Please reproduce the listing word for word. Pictures stay out.

(Material provided begins)

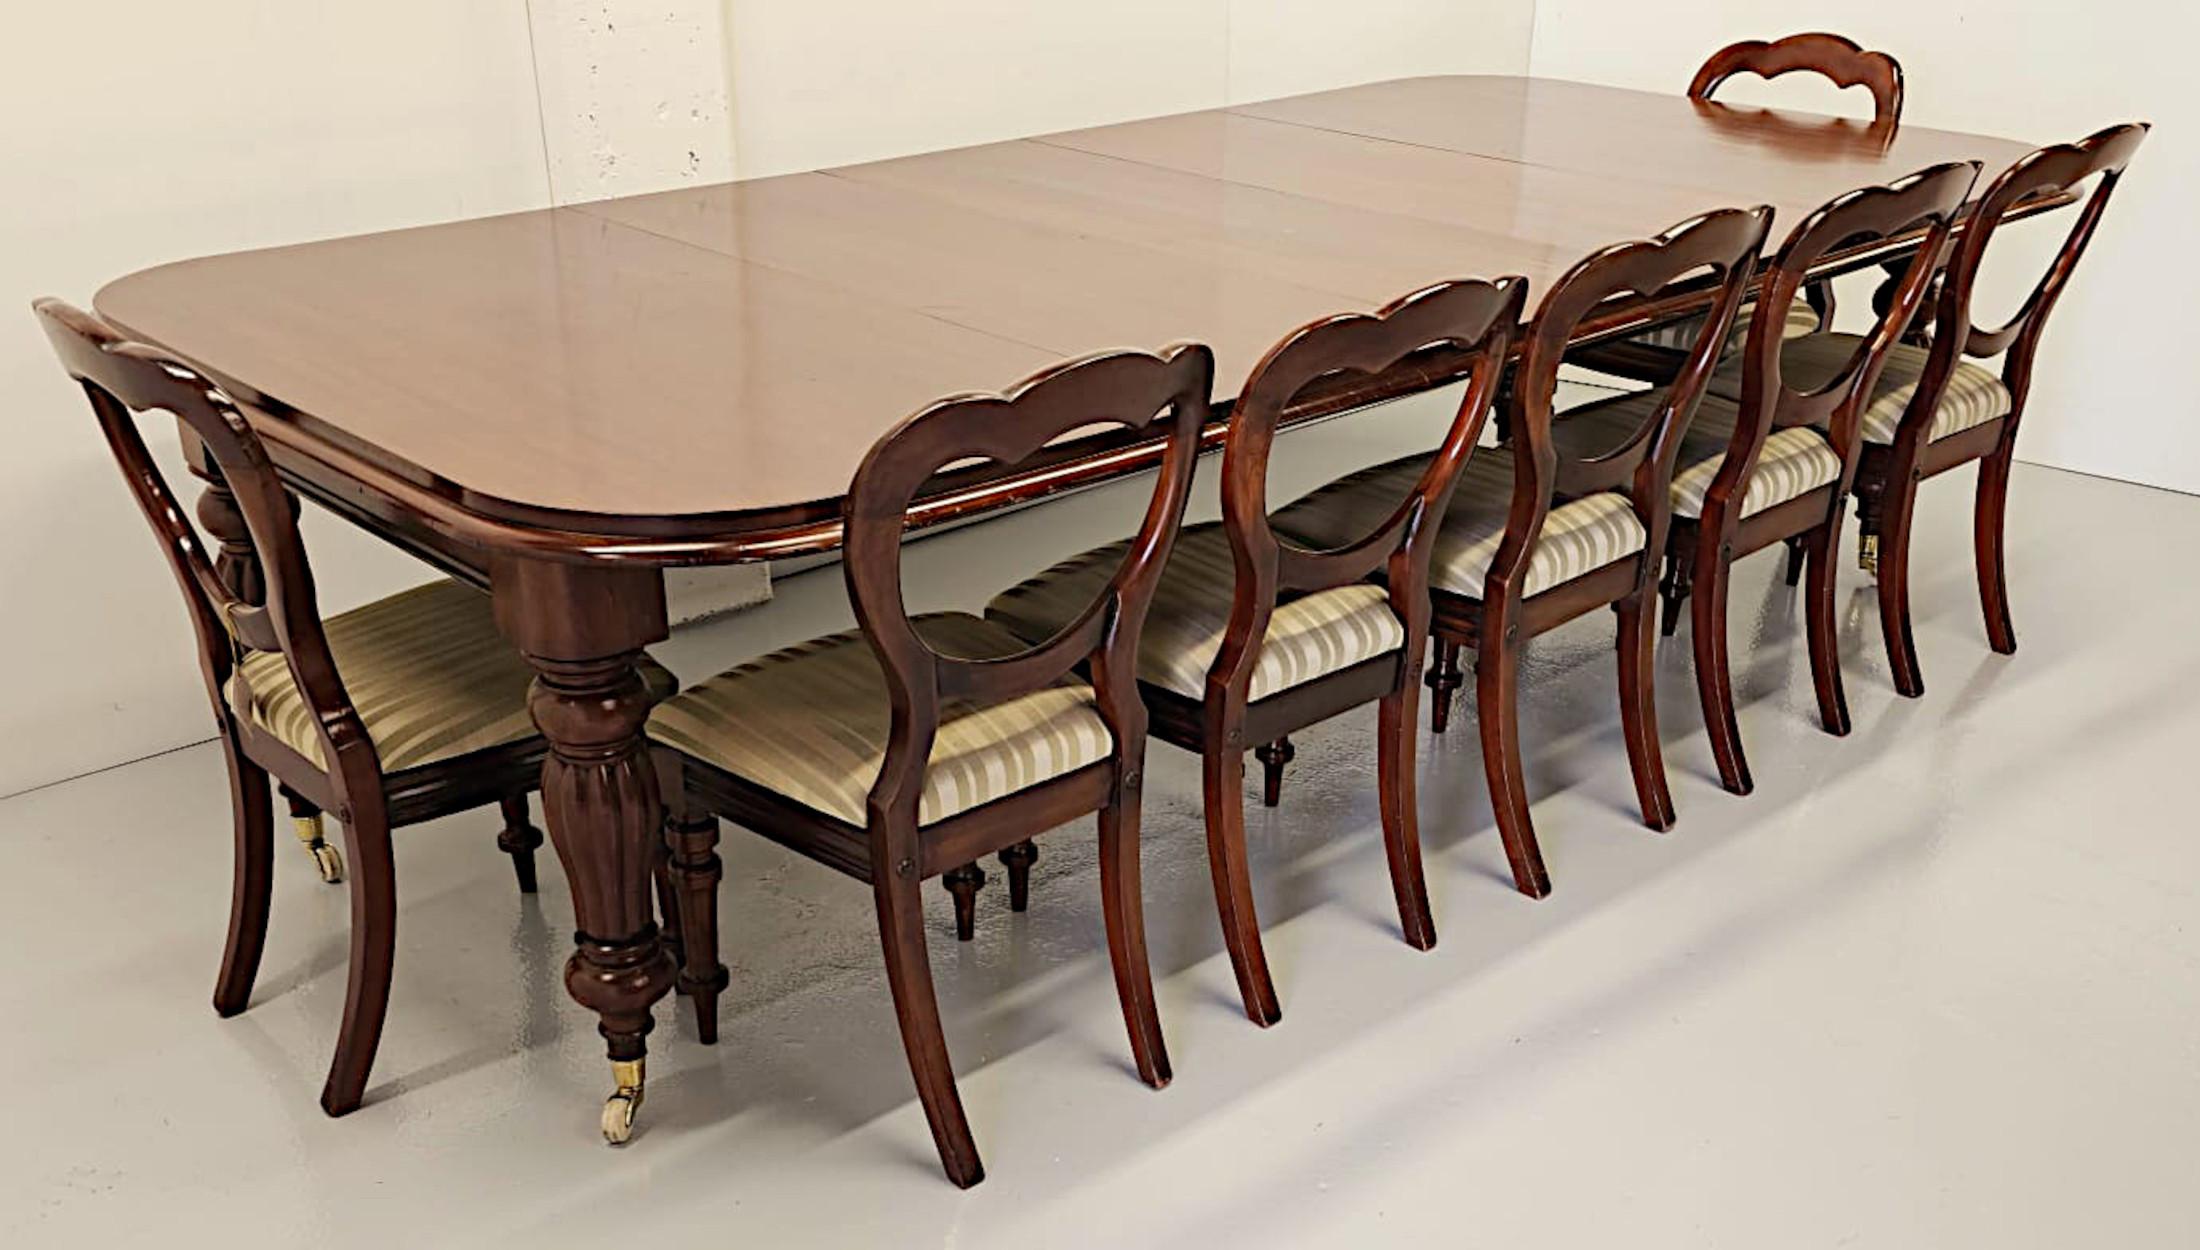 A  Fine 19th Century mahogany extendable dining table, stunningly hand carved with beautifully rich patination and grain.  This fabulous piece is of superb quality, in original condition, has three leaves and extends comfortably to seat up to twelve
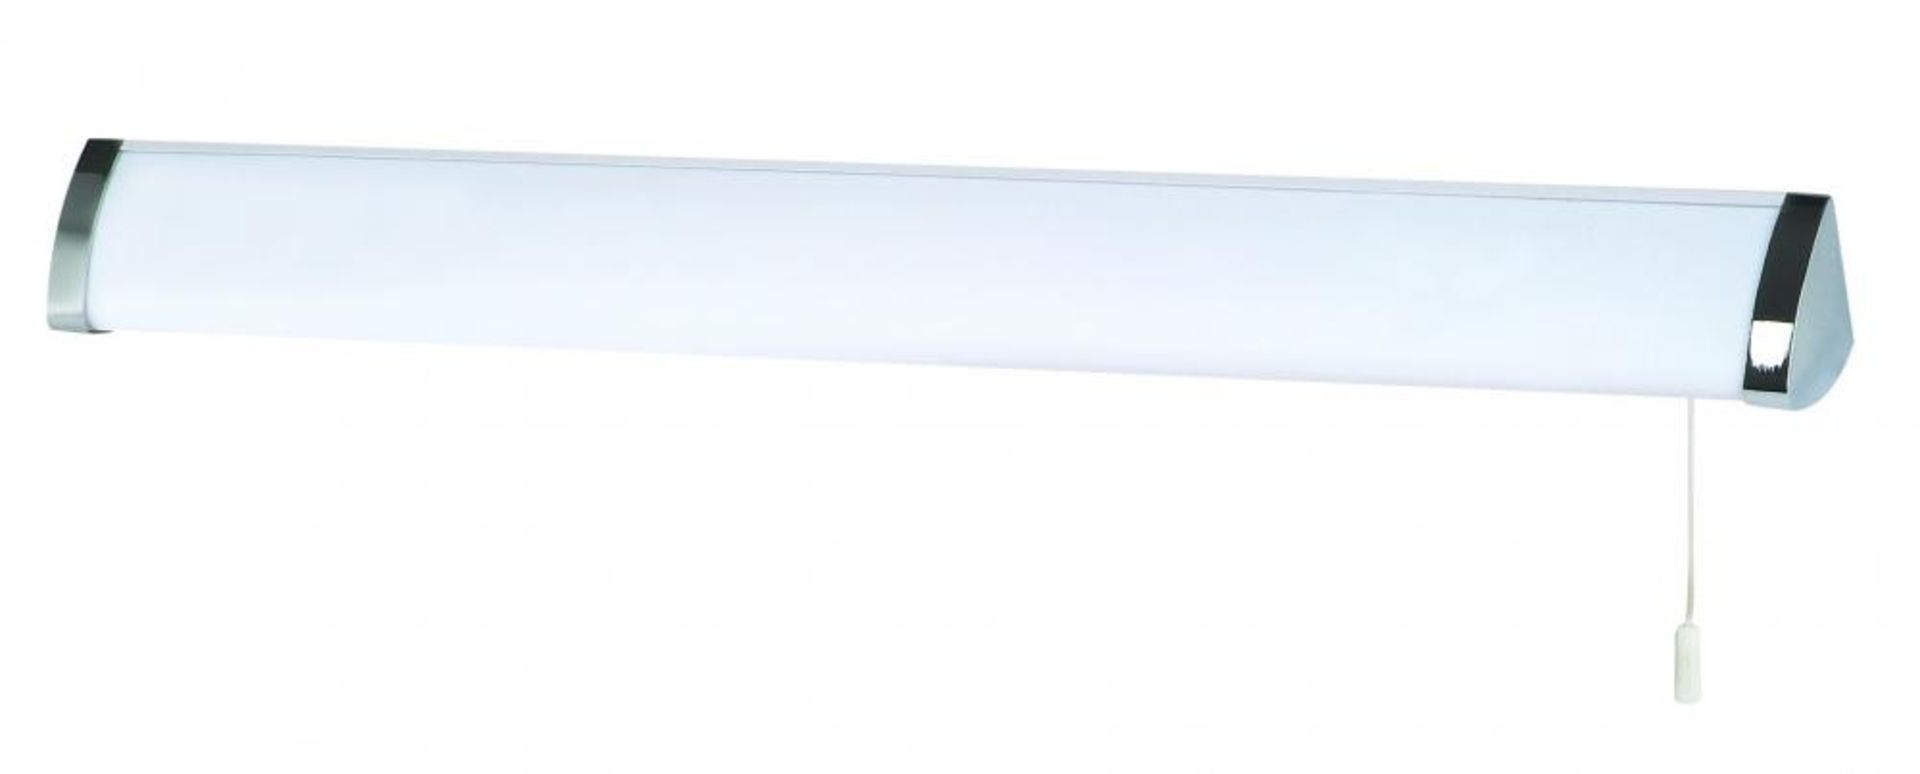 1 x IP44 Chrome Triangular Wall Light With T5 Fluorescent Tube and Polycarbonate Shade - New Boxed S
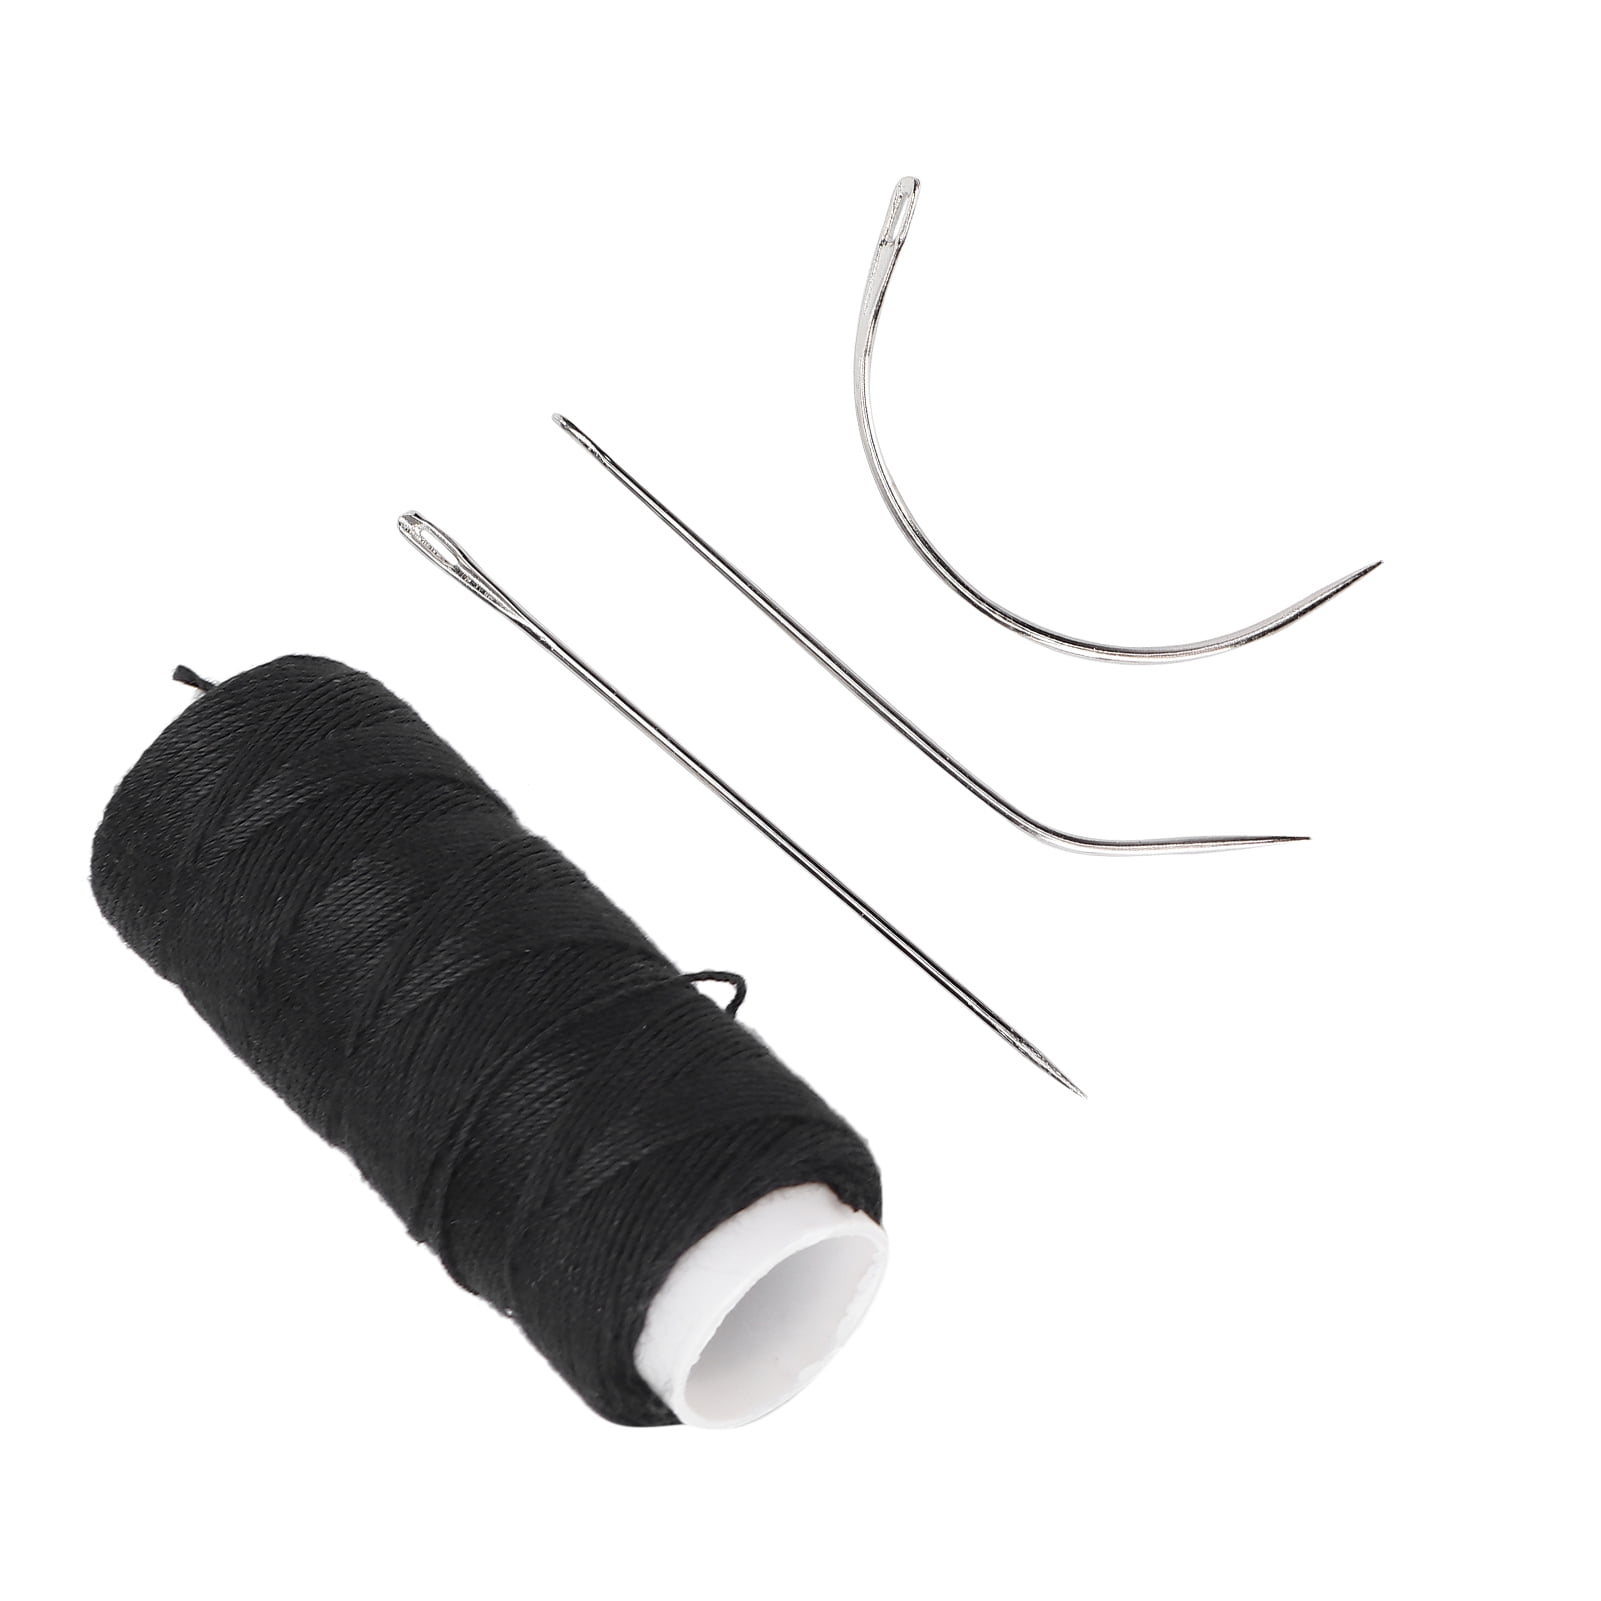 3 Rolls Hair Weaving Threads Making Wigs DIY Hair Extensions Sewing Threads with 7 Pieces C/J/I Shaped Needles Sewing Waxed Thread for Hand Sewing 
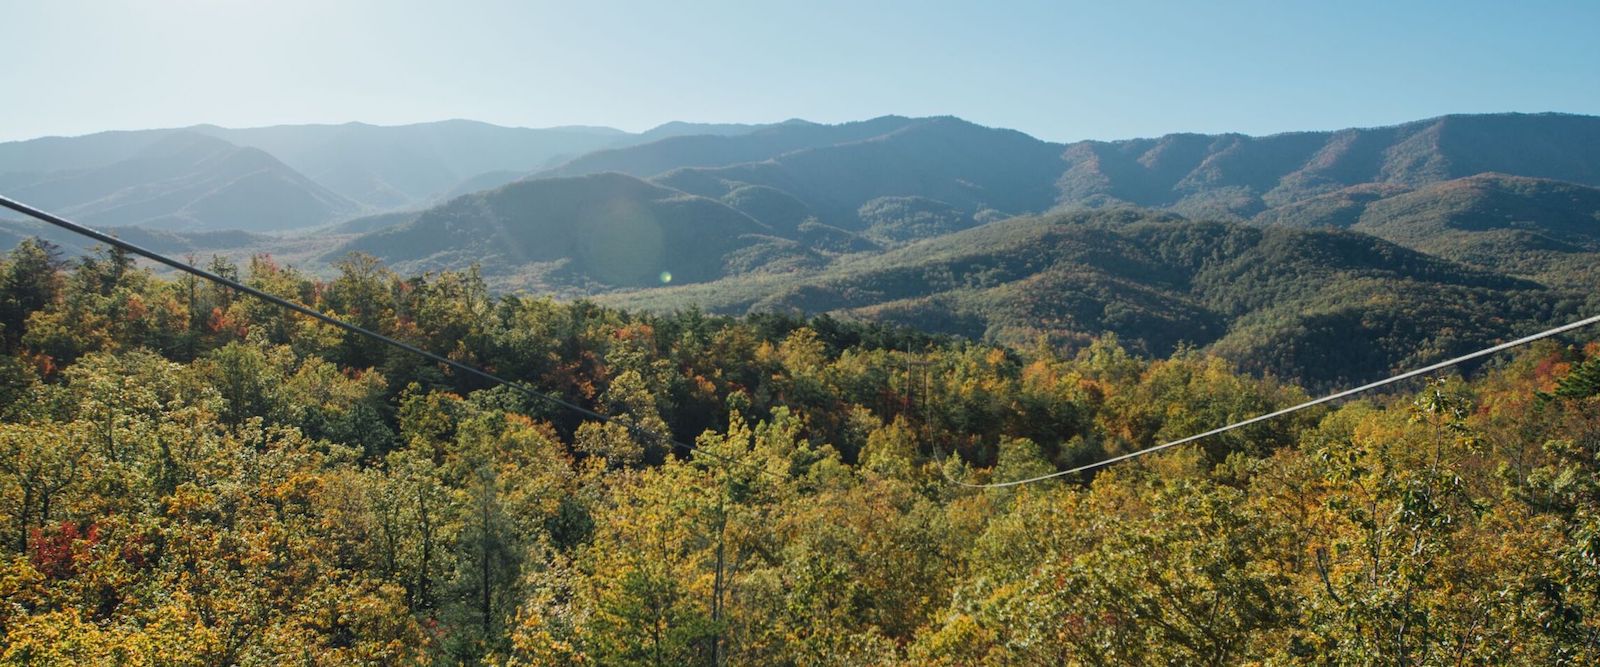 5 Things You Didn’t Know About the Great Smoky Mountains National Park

(Material provided ends)

* [Task answer]:
 A  Fine 19th Century mahogany extendable dining table, stunningly hand carved with beautifully rich patination and grain.  This fabulous piece is of superb quality, in original condition, has three leaves and extends comfortably to seat up to twelve
 1 x IP44 Chrome Triangular Wall Light With T5 Fluorescent Tube and Polycarbonate Shade - New Boxed S
 3 Rolls Hair Weaving Threads Making Wigs DIY Hair Extensions Sewing Threads with 7 Pieces C/J/I Shaped Needles Sewing Waxed Thread for Hand Sewing 
 5 Things You Didn’t Know About the Great Smoky Mountains National Park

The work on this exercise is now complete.